As mentioned above, centrally mounted motor 527 and two speed torque multiplier 529 is rigidly mounted in drivable contact with three radially spaced apart multiple stage transmissions 537, 538, 539 via a drive belt 535. Each driven multiple staged transmissions 537, 538, 539 includes a three stage epicyclical gear stage 509, 517, 518 for progressive development of torque. The first stage of the three stage gear train is driven by a pulley 501, supported by a bearing 504 and keyed to a drive shaft 502 for shared engagement with center mounted output pulley 532 engaged with motor 527 and two speed torque multiplier 529. Pulley 501 drives the first stage of the planetary cage with sun gear 509 via drive belt 535 by rotating integrated drive shaft 502 and sun gear 509, and is maintained in drivable mesh with planet gears 513 supported for rotation in a planetary cage with sun gear 509 by axles 511 and bearings 512 (as an assembly comprises the first gear stage) is inserted into meshed engagement with ring gear disposed within the transmission housing 506 to multiple torque is aligned for complimentary engagement with the second gear stage of the three stage planetary multipliers by inserting sun gear 536 through an opening in end of stage 2 planet gear cage with sun gear 517 to mesh with planet gears 515 supported for rotation by axles 514 and bearings 516 is axially engaged into housing 506 and is responsive to rotary input from the first gear stage urging the assembly to travel in a circular path within the ring gear disposed within the transmission housing 506 to effect speed reduction and multiply torque.

Second gear stage sun gear 517 is inserted and is engaged into the inlet of Third gear stage comprised of third gear stage planet gear spider cage with splined output shaft 518 for operative meshed engagement with planet gears 520 supported for rotation by axles 519, responsive to torque input from the second gear stage to effect speed reduction and torque multiplication by urging the assembly to rotate within the internal ring gear at bottom end of housing 506 to drive the output shaft of Third gear stage planet gear spider cage with splined output shaft 518 supported by bearing 521 and secured for engagement with spur gear 522 in mesh with output gear 523 and further supported by bearing 526 that encircles axle 525 and work mounting king pin 524.

Three transmissions 537, 538, 539 of like description are spaced around the periphery of output gear 523 in drivable engagement with output gear 523 for reinforced staged torque multiplication of a plural synchronized power transmissions producing large torque values in a compact package.

One embodiment of the present invention has a gear reduction realized between the satellite gears 214 and the output gear 206 is 6:1 (144 teeth on output gear 206 and 24 teeth on satellite gears 214).
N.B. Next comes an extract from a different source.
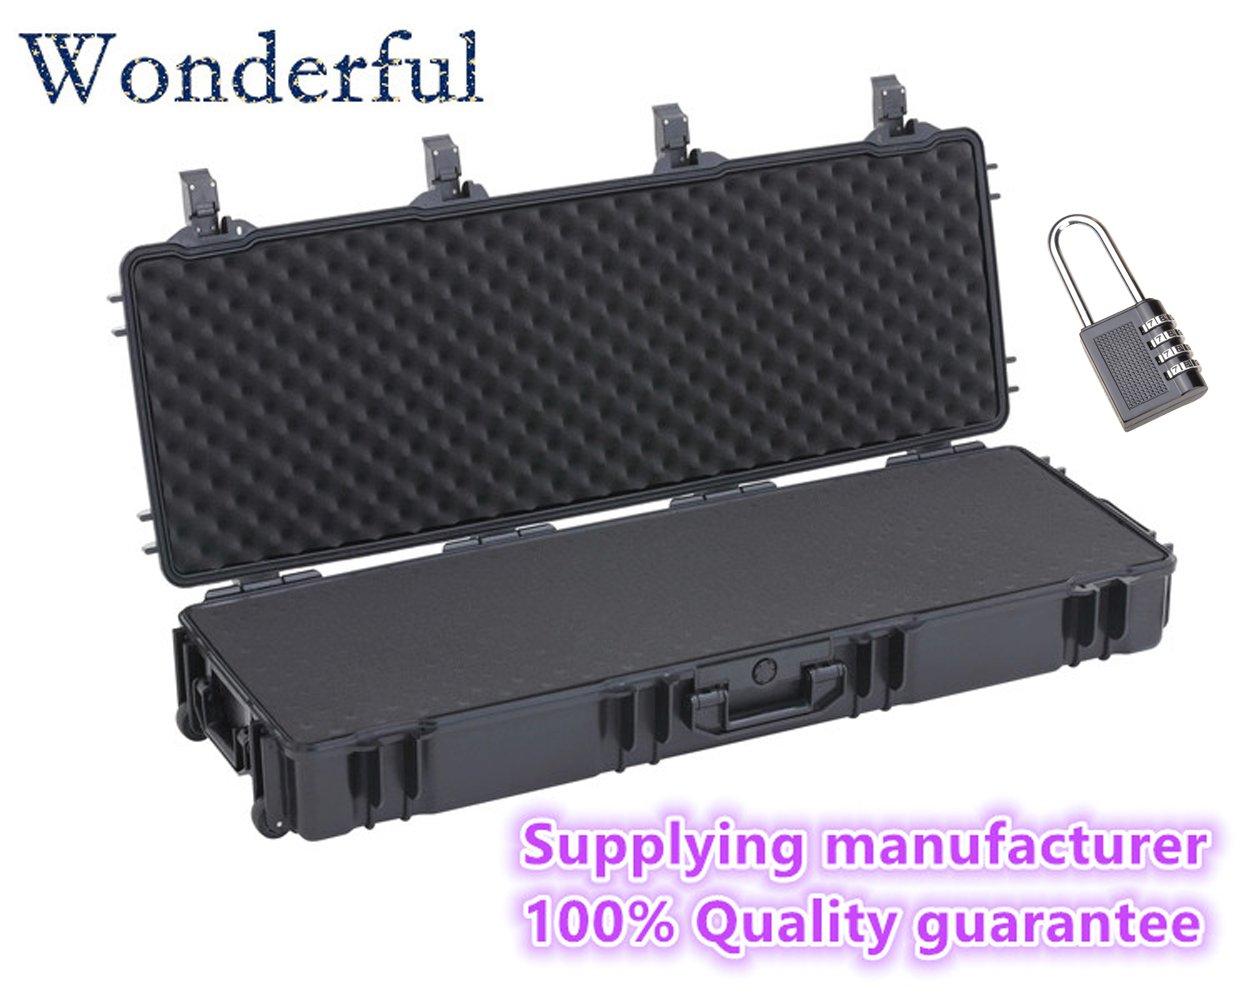 Wonderful pc-12016 WatertightケースABS素材、密封防水、防塵to keep your製品Dry and、カスタマイズ可能、取り外し可能Pick N Pluck Foam (ブラック)   B01ELKZ4XC

The overall gear reduction of the single motor and three planetary transmissions is 6480:1, wherein the three stage planetary gears have a gear reduction ratio of 210:1 (first stage 6:1, second stage 6:1, and third stage 5:1) and a center motor and planetary with a clutch having a variable gear reduction ratio of 3 to 1 and 6:1. One embodiment of the single motor can be a 3 hp motor producing 10.26 ft-lb of torque.

Now turning to FIG. 23 for an illustration of another embodiment 215 of the present invention showing a direct drive gear transmission replacing the belt driven system. Belt driven pulleys 216 and replaced with center motor gear 217 and planetary transmission gear 221 with intermediate gear 219 between center motor gear 217 and planetary transmission gear 221. An exemplary gear reduction ratio of the geared direct drive system is 3456:1 (6×6×4×4×6).

On embodiment of the plurality of transmissions 202 can include a multiple speed transmission and clutch. A strain gauge mounted in the reaction platform is used in conjunction with the center motor to select proper gear reduction in the plurality of transmissions responsive to reaction forces of tubing in contact with the platform during bending. A clutch is used as overload protection for the bender apparatus 200, so that introduction of material that cannot be bent will cause the clutch to overrun limiting torque to prevent breaking the bender apparatus 200. A back plate 218 ties all the transmissions 202 together and provides a surface to hold bearings that provide support to end shafts of transmission 202.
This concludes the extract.